Mathieu Othacehe <othacehe@gnu.org> skribis:
Toggle quote (6 lines)
> Here's a Valgrind backtrace:
>
> ==97844== Thread 17:
> ==97844== Invalid read of size 4
> ==97844== at 0x114465B9: zmq::msg_t::close() (in /gnu/store/zd9lbfqa3170nsfd4177dnr38k1sjbnc-zeromq-4.3.4/lib/libzmq.so.5.2.4)

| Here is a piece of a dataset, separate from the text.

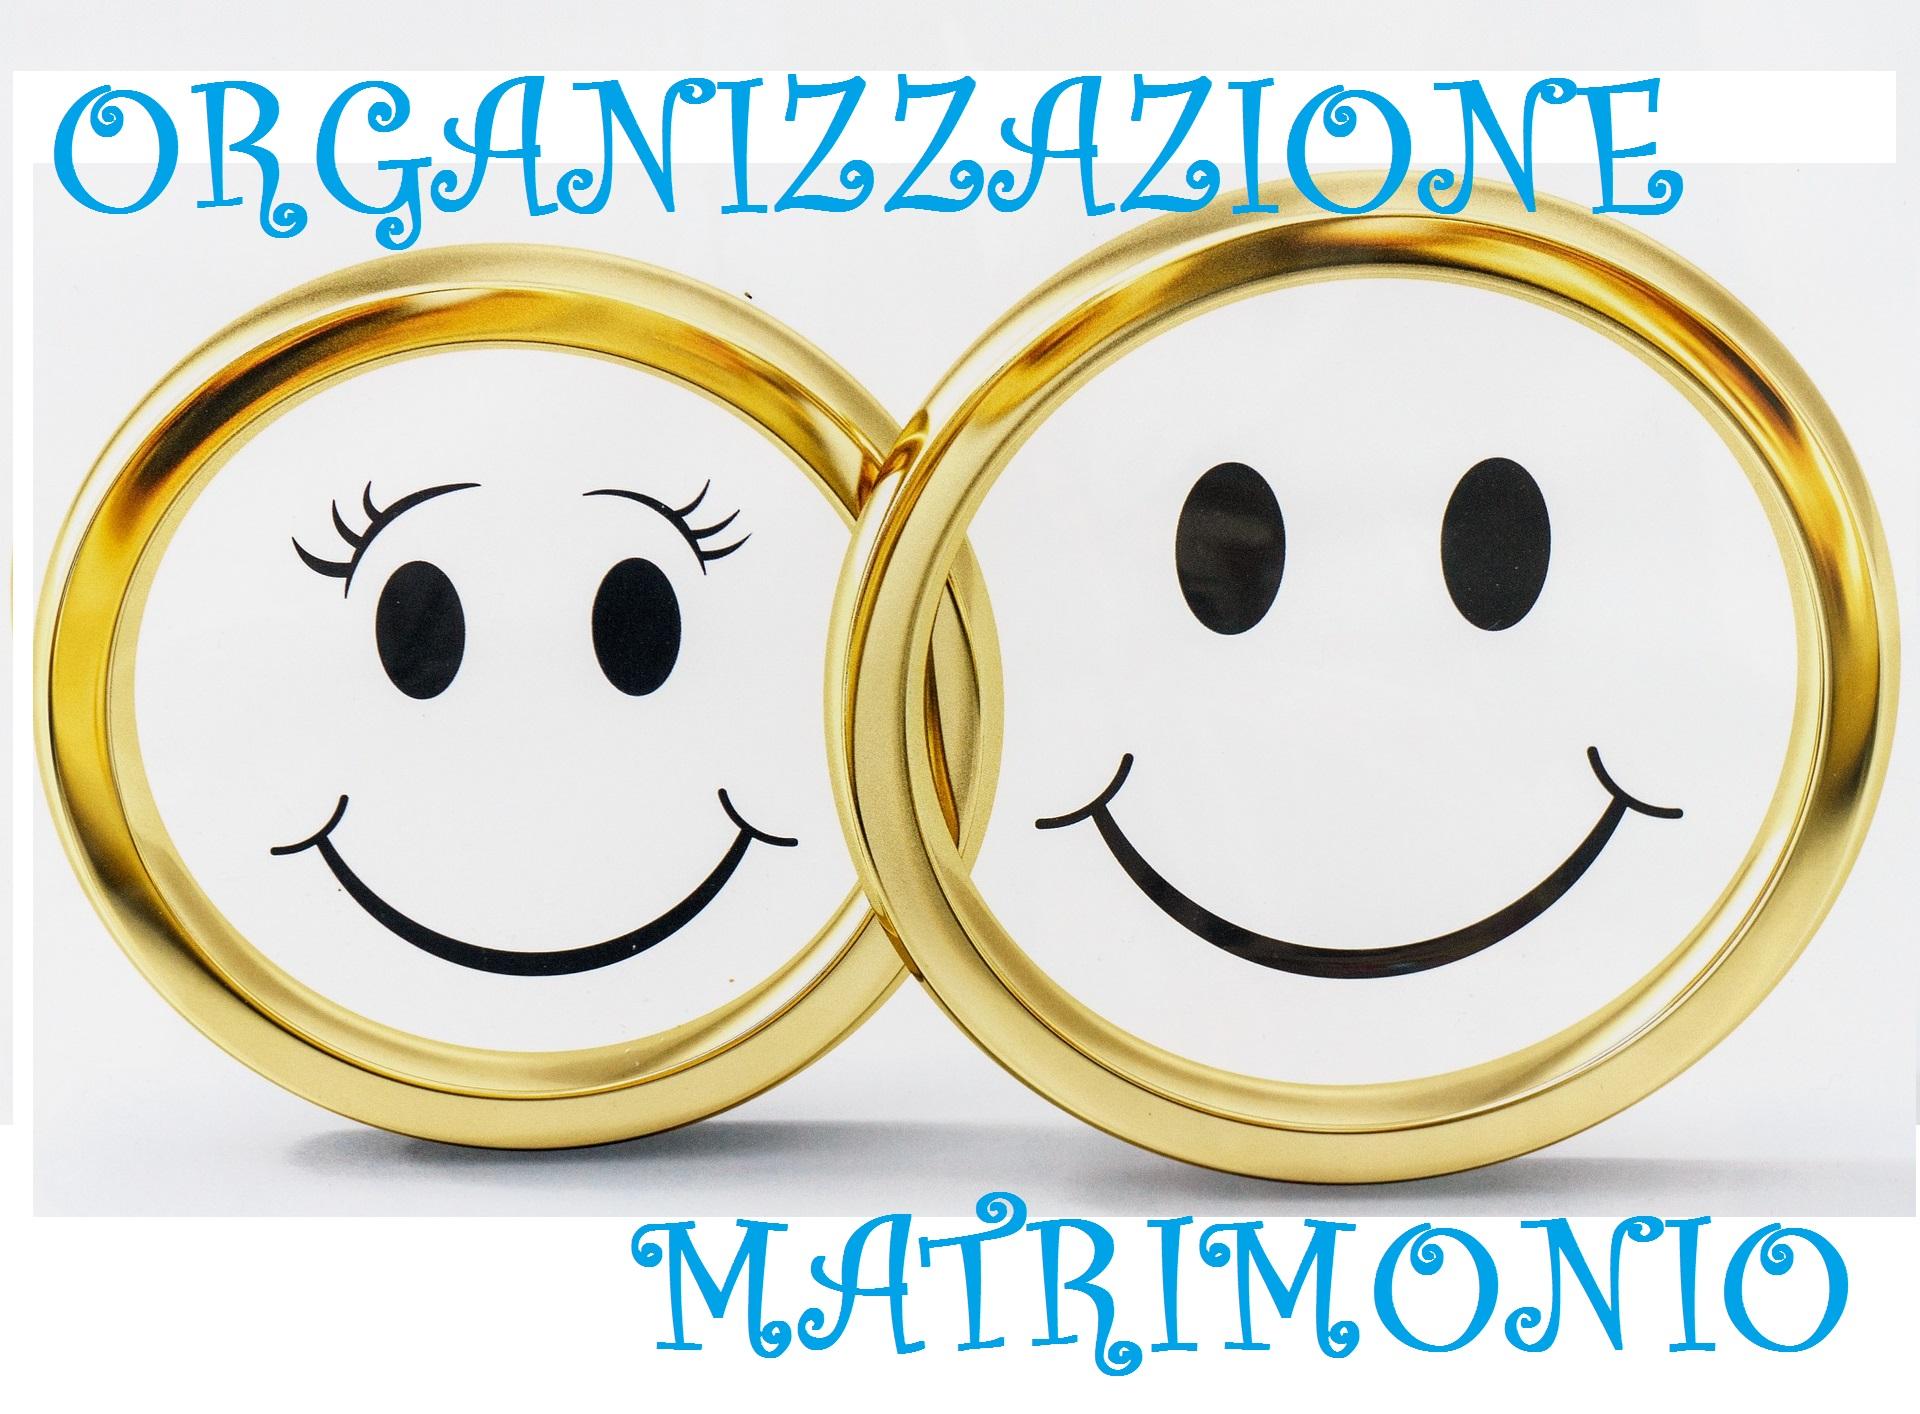 Organizzazione Matrimonio A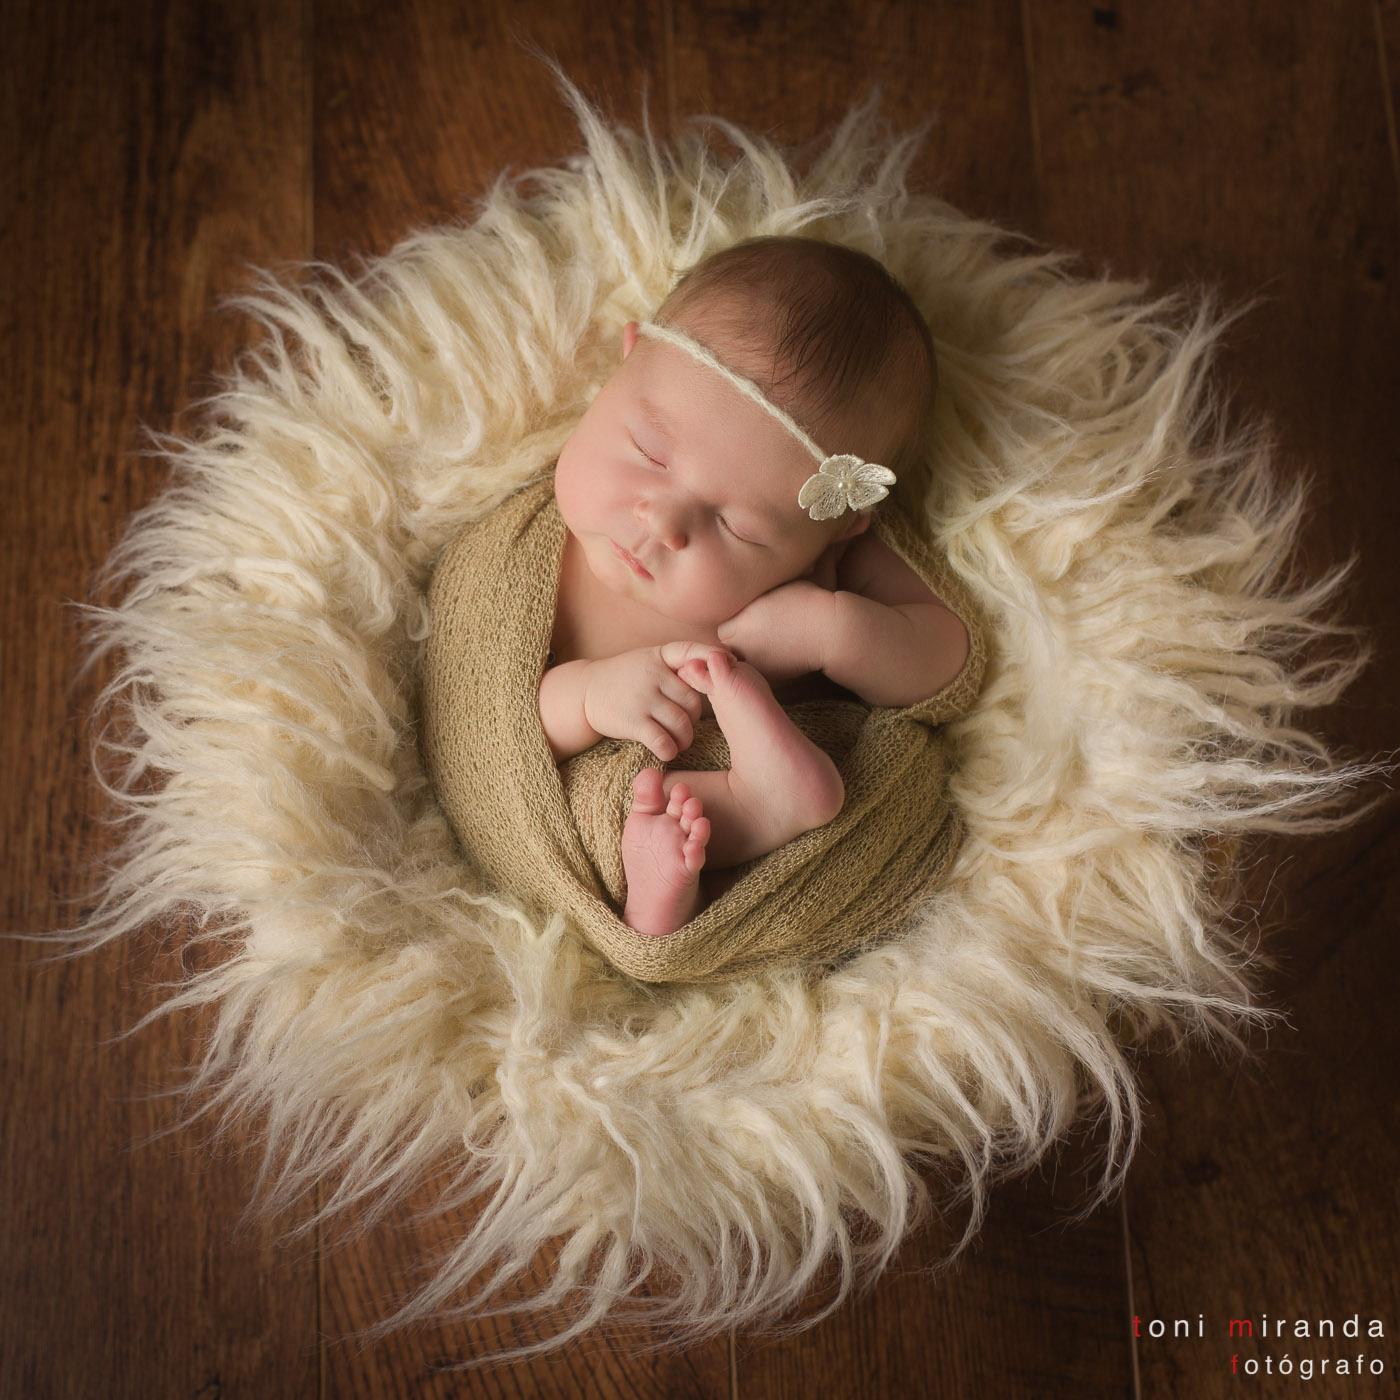 bebe recien nacido sonrisa en nido en estudio alcoy

First, is this function idempotent? (Is it OK to close an msg_t
multiple times.)
Second, remember that finalizers can run in a separate thread. Thus,
you must make sure there are no other threads, such as ZMQ’s internal
threads, still operating on the object when it is freed.
Toggle quote (29 lines)
> ==97844== by 0x3A58E98F: ???
> ==97844== by 0x489AC78: chained_finalizer (in /gnu/store/q8brh7j5mwy0hbrly6hjb1m3wwndxqc8-guile-3.0.5/lib/libguile-3.0.so.1.3.0)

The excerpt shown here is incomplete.